### STORED DATA ###

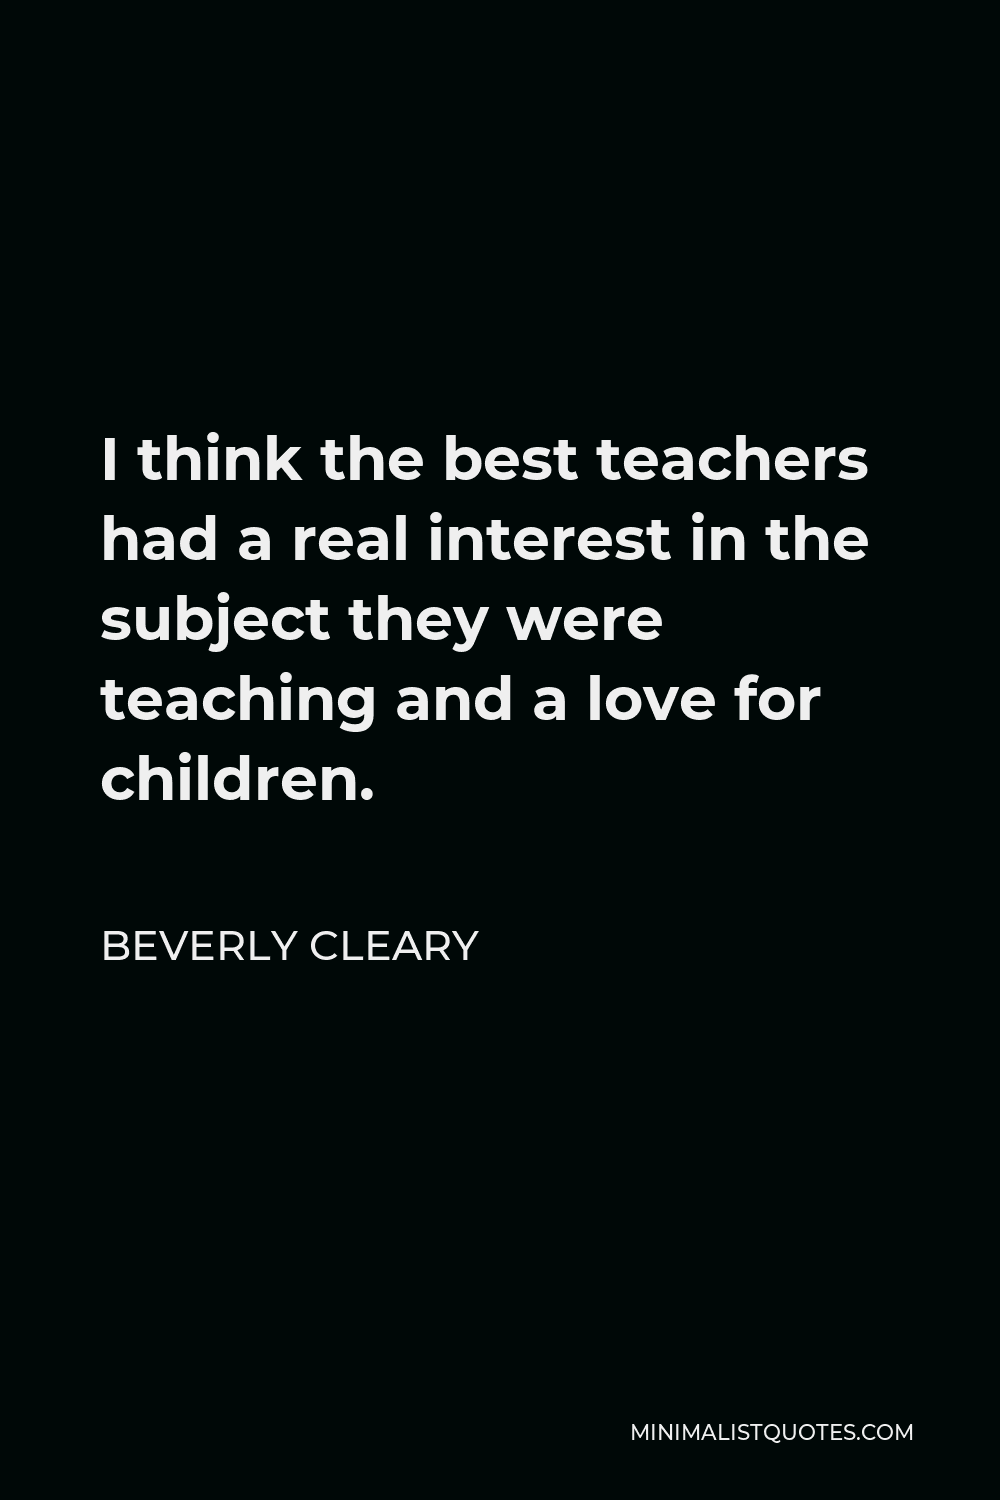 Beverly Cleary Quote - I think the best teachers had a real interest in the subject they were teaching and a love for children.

###
### STORED DATA ###

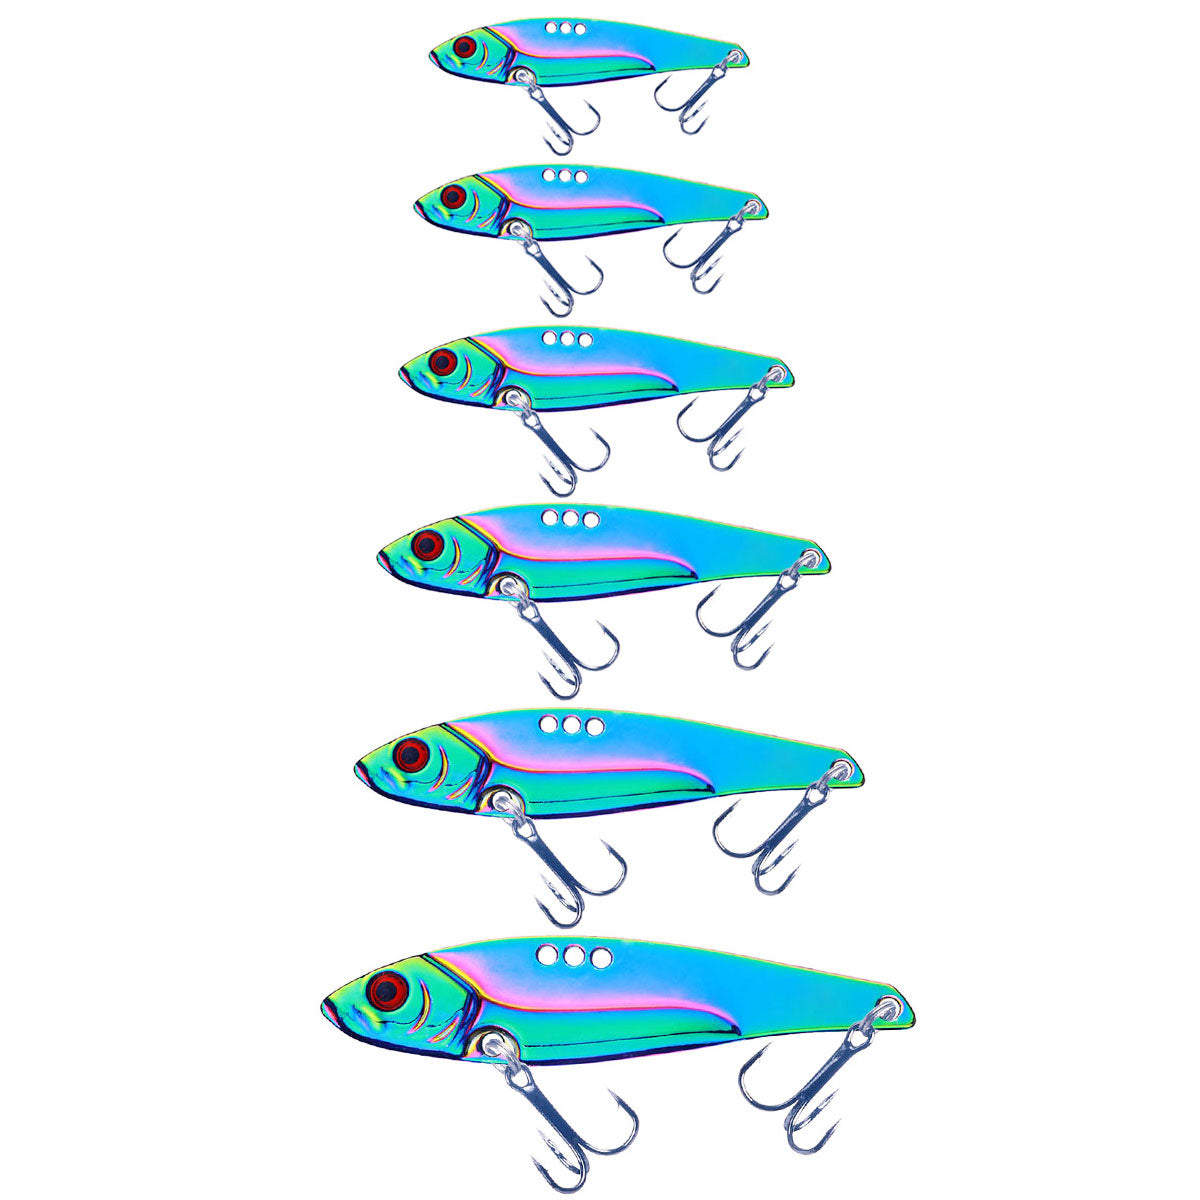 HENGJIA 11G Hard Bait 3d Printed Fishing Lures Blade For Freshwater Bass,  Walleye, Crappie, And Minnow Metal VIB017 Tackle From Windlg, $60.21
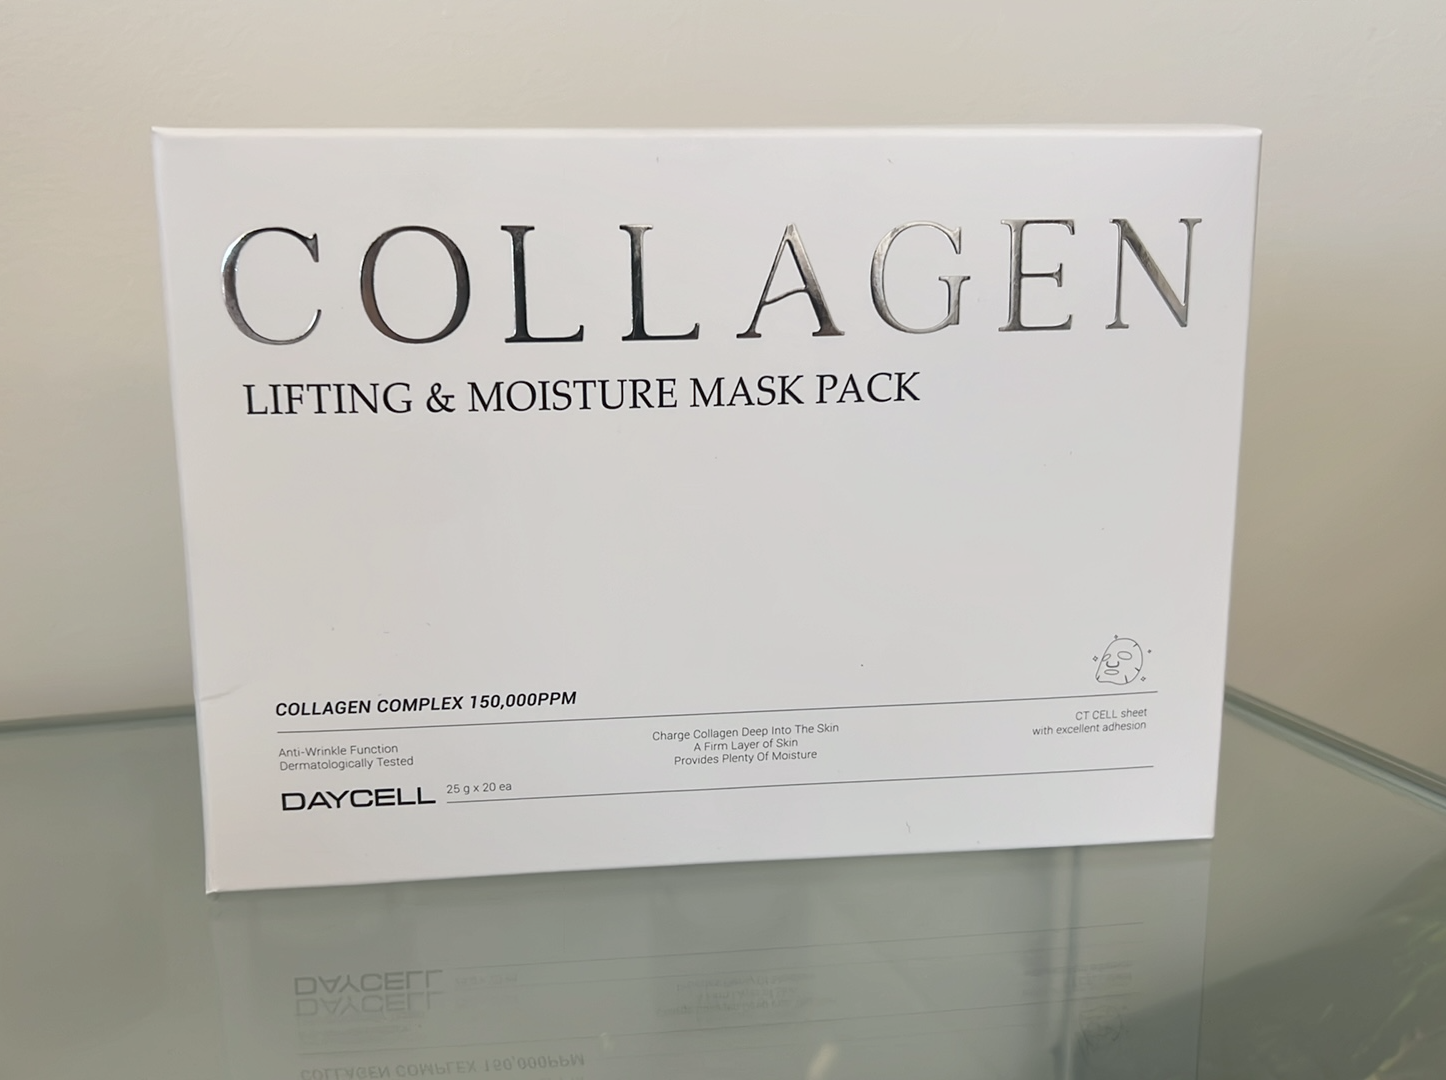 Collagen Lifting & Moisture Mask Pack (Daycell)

###

Working from the entries above, please transcribe only the lines from the line with "HENGJIA 11G Hard" through the line with "Collagen Lifting &", exactly, with both end lines and without pictures.

 HENGJIA 11G Hard Bait 3d Printed Fishing Lures Blade For Freshwater Bass,  Walleye, Crappie, And Minnow Metal VIB017 Tackle From Windlg, $60.21
 Collagen Lifting & Moisture Mask Pack (Daycell)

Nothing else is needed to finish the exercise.